For its second round of securitization fundraising this year the Dell Equipment Finance Trust is planning to issue about $952.1 million in notes, in a deal financing a significantly smaller number of small-ticket equipment contracts compared with its previous deal.
The last time that Dell Equipment Finance Trust sold asset-backed securities bonds to investors, some 10,704 contracts were in the collateral pool. The current number of contracts is about 36% of that, with revenue from 3,857 contracts securing the notes, according to Moody's Investors Service, which will assign ratings to the notes.
Dell Financial Services, a subsidiary of Dell Inc., finances the fixed-rate operating leases, finance leases and loans on business critical equipment and is sponsoring the deal, according to Moody's. Virtually the entire discounted receivables balance, or 94.6%, consists of contracts to obligors that are large enterprises or public institutions. Moody's regards this as a high watermark for recent transactions, because both of those segments of borrowers have incurred low losses, historically.

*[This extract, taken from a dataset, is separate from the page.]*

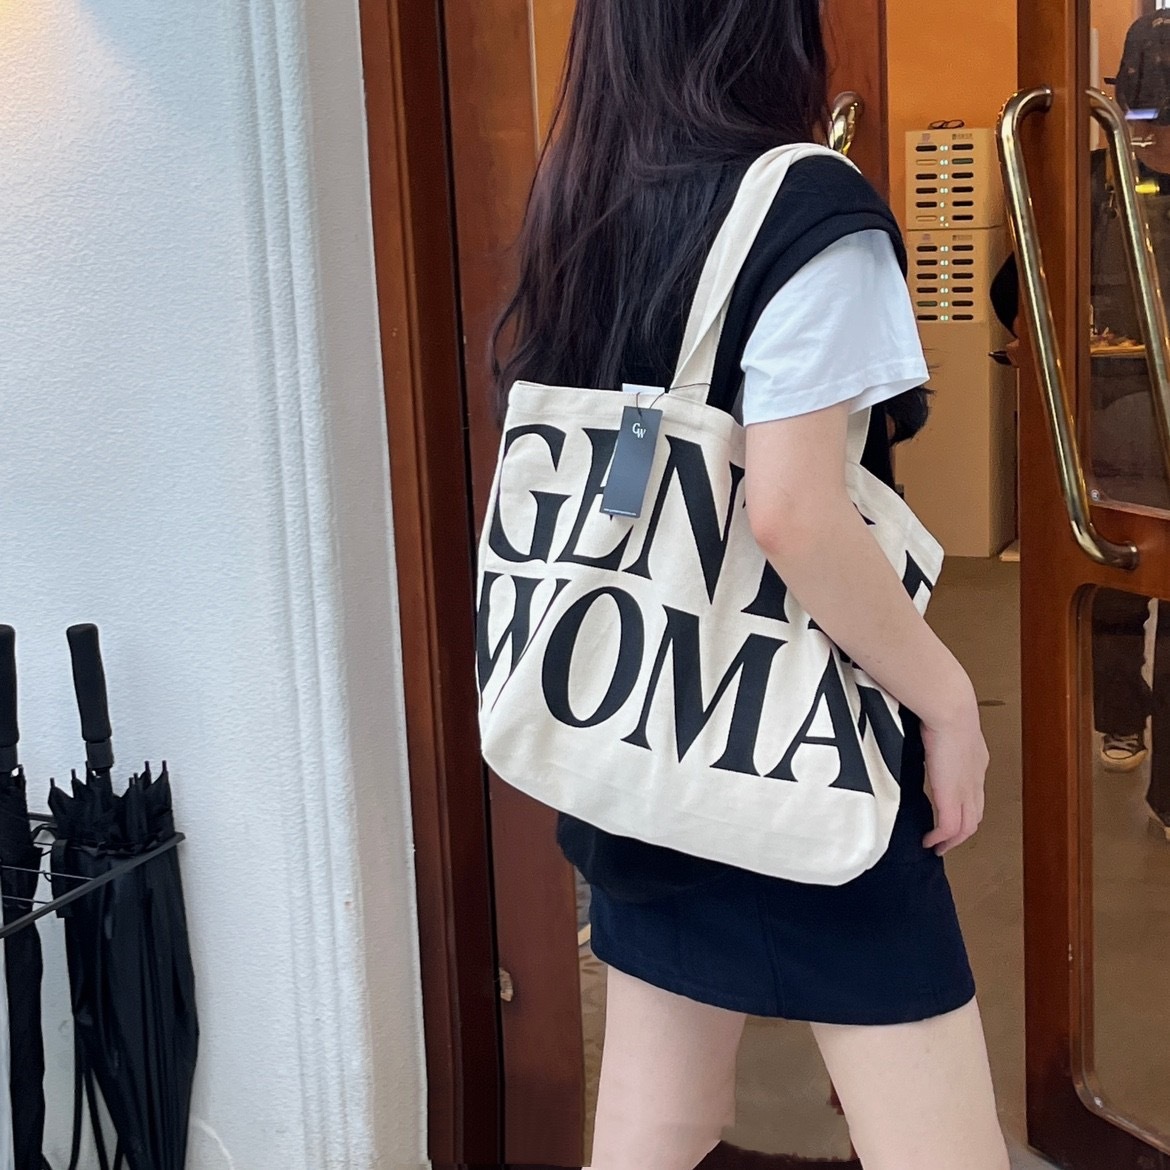 Gentlewoman Tote Bag – Room Twoo
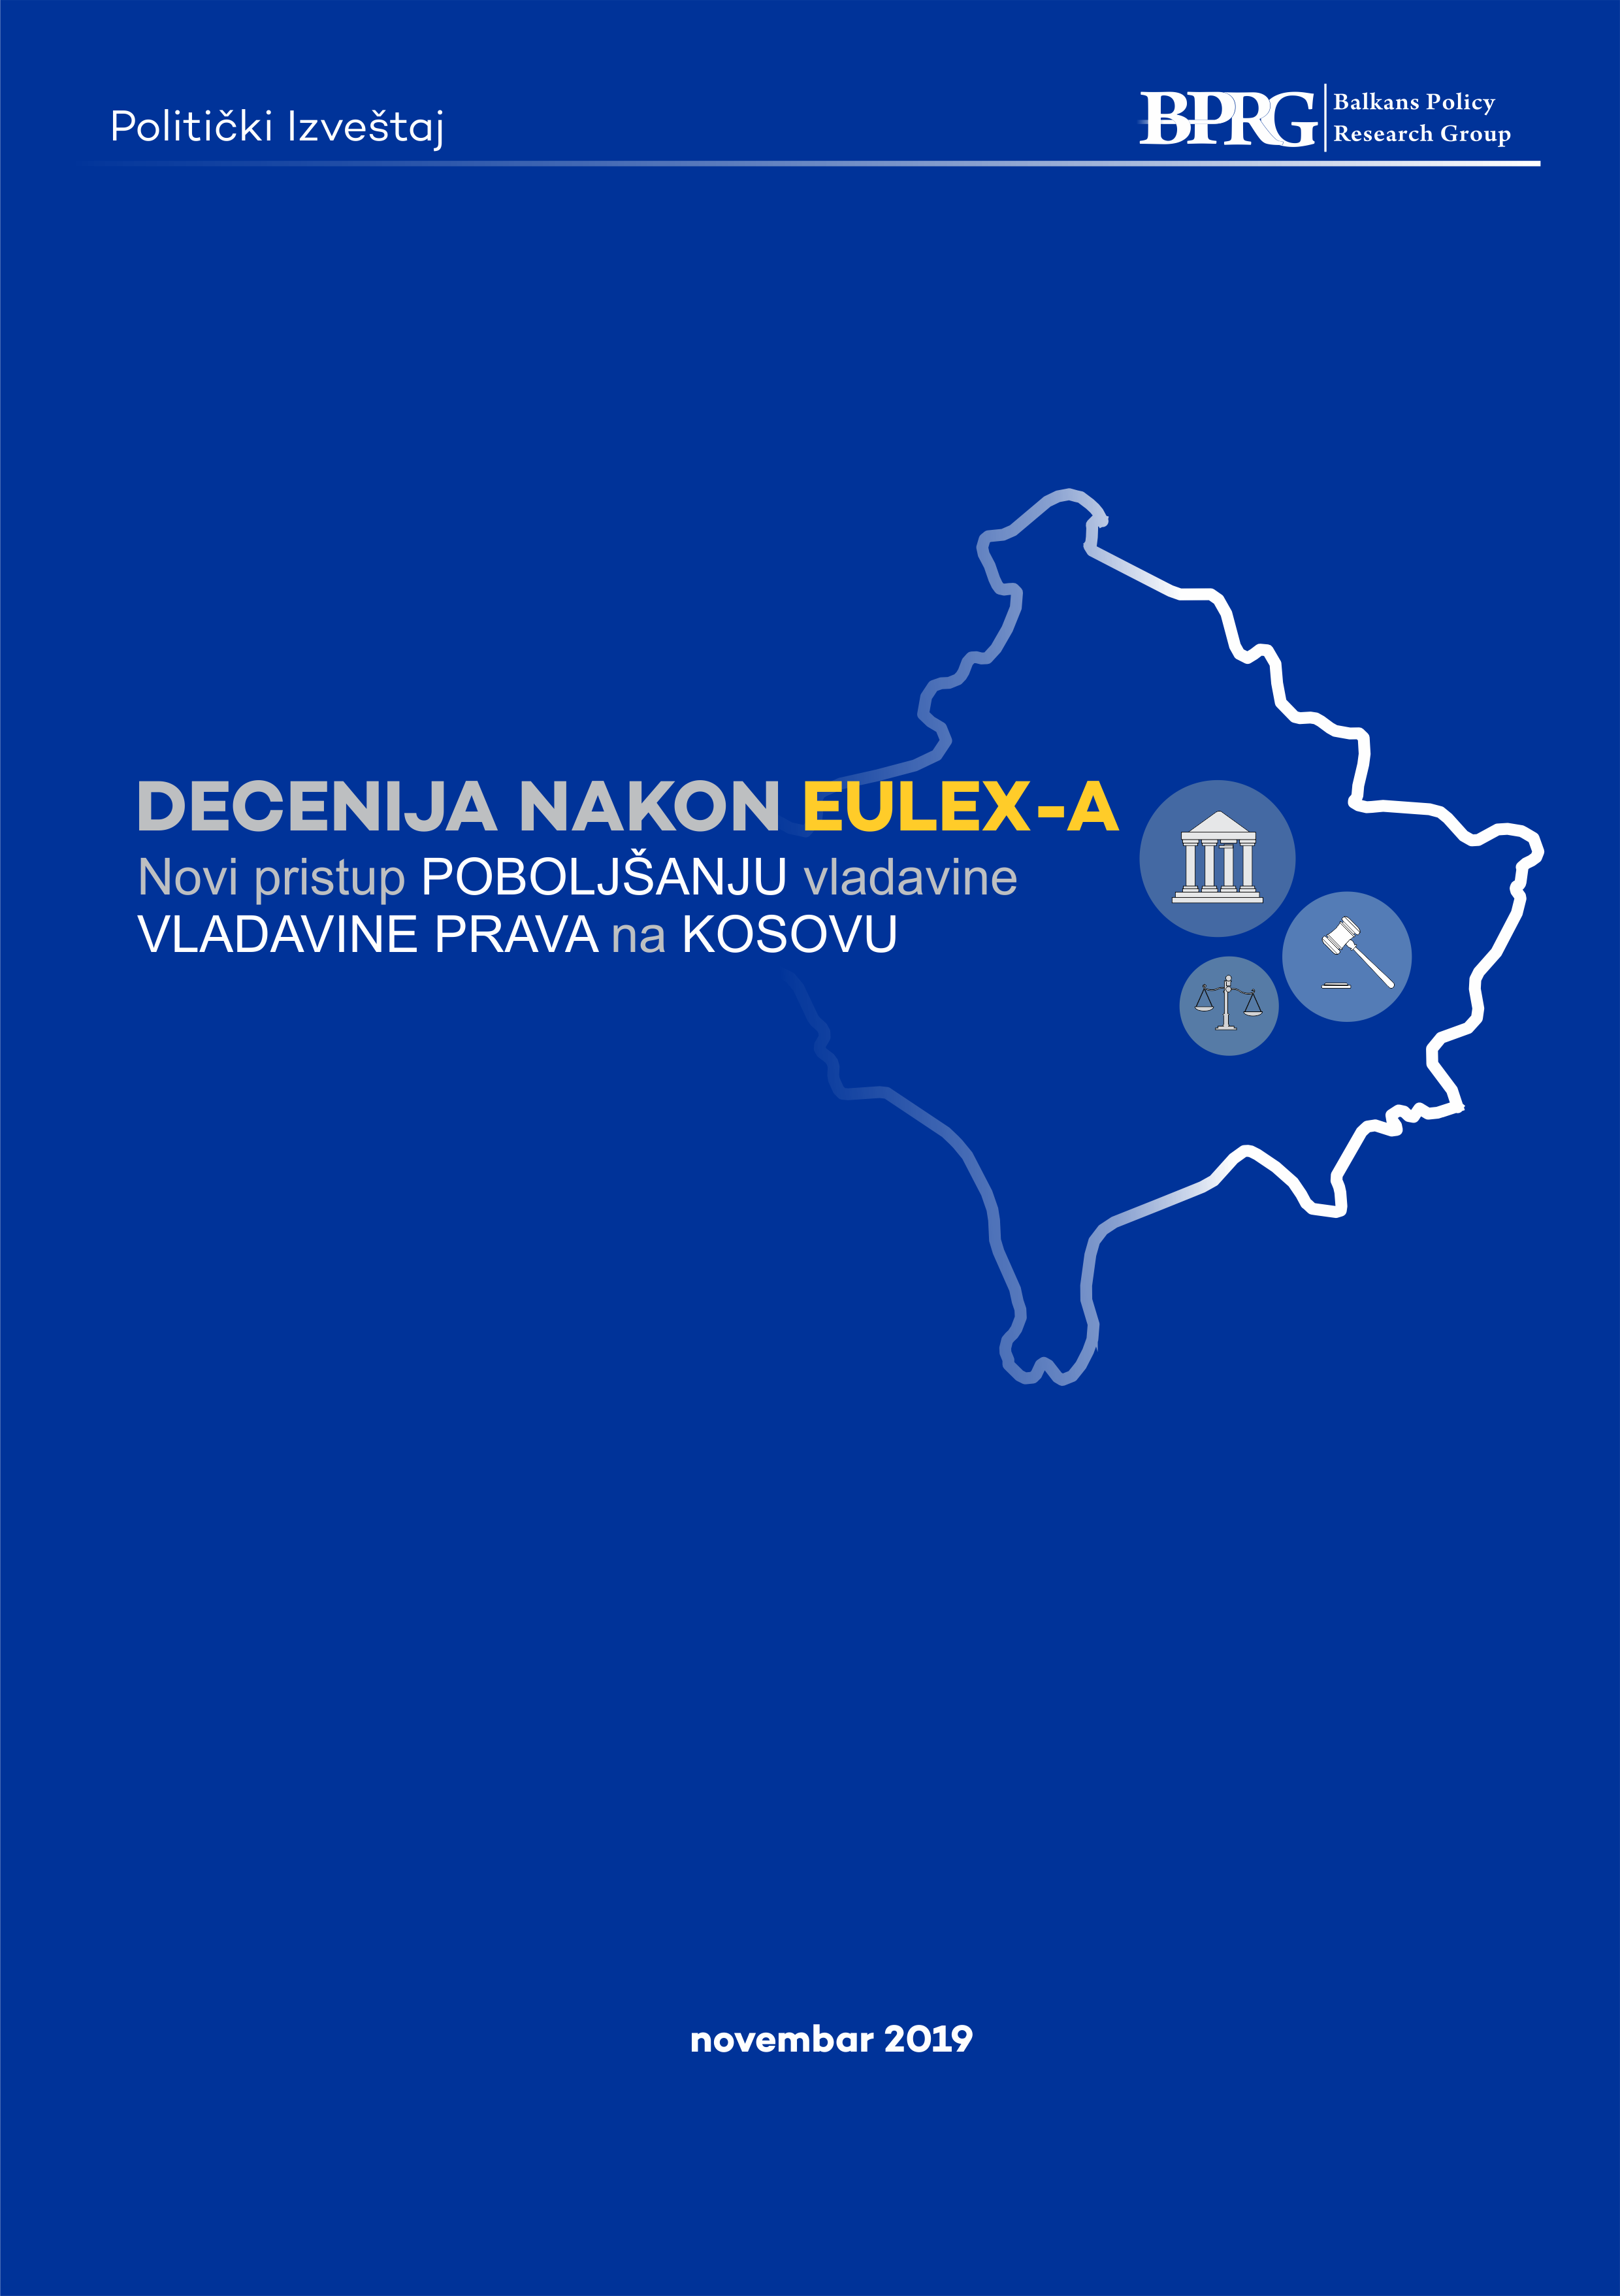 Decenija nakon EULEX-a: Novi Pristup Poboljšanju Vladavine Prava na Kosovu

The types of obligors in the pool is just one of its credit strengths. Another is that the contracts have low remaining payment repayment terms—36 months or less. Moody's reasoned that this should allow for obligors to completely pay down their loans or leases quickly, and reduce the risk of losses or even defaults.
RBC Capital Markets is managing the DEFT 2023-2, which is slated to close on June 22, according to theAsset Securitization Report's deal database.
The transaction structure is strong, with overcollateralization of 5.90% of the initial pool balance. DEFT 2023-2 also benefits from a non-declining reserve account of 1.00% of the initial pool balance. The six-tranche deal also has subordination built in, with levels of 6.75%, 5.70% and 3.45% subordination for classes A, B and C, respectively, Moody's said.
DEFT 2023-2 does face a number of credit challenges, though, including residual value risk. Residual values of the leased equipment represent about 4.8% of the pool. When residual values are included in securitized portfolios, that inclusion increases performance volatility because it exposes the issuer to the market value of the equipment, Moody's said.
In another potential credit risk, the top 10 obligors make up 30.5% of the original pool balance. Even that risk is mitigated, because the top obligors have a relatively strong credit profile. For instance, seven out of the top 10 obligors have investment grade ratings.
Moody's intends to assign ratings of 'P-1' to the class A-1 notes; 'Aaa' to classes A-2 and A-3 notes; 'Aa1' and 'Aa2' on classes B and C, respectively; and 'A2' on the class D notes.
The class A-1 notes have a legal final maturity of June 24, 2024, while the A-2 through class C notes mature on Jan. 22, 2029; and the class D notes mature on July 23, 2029.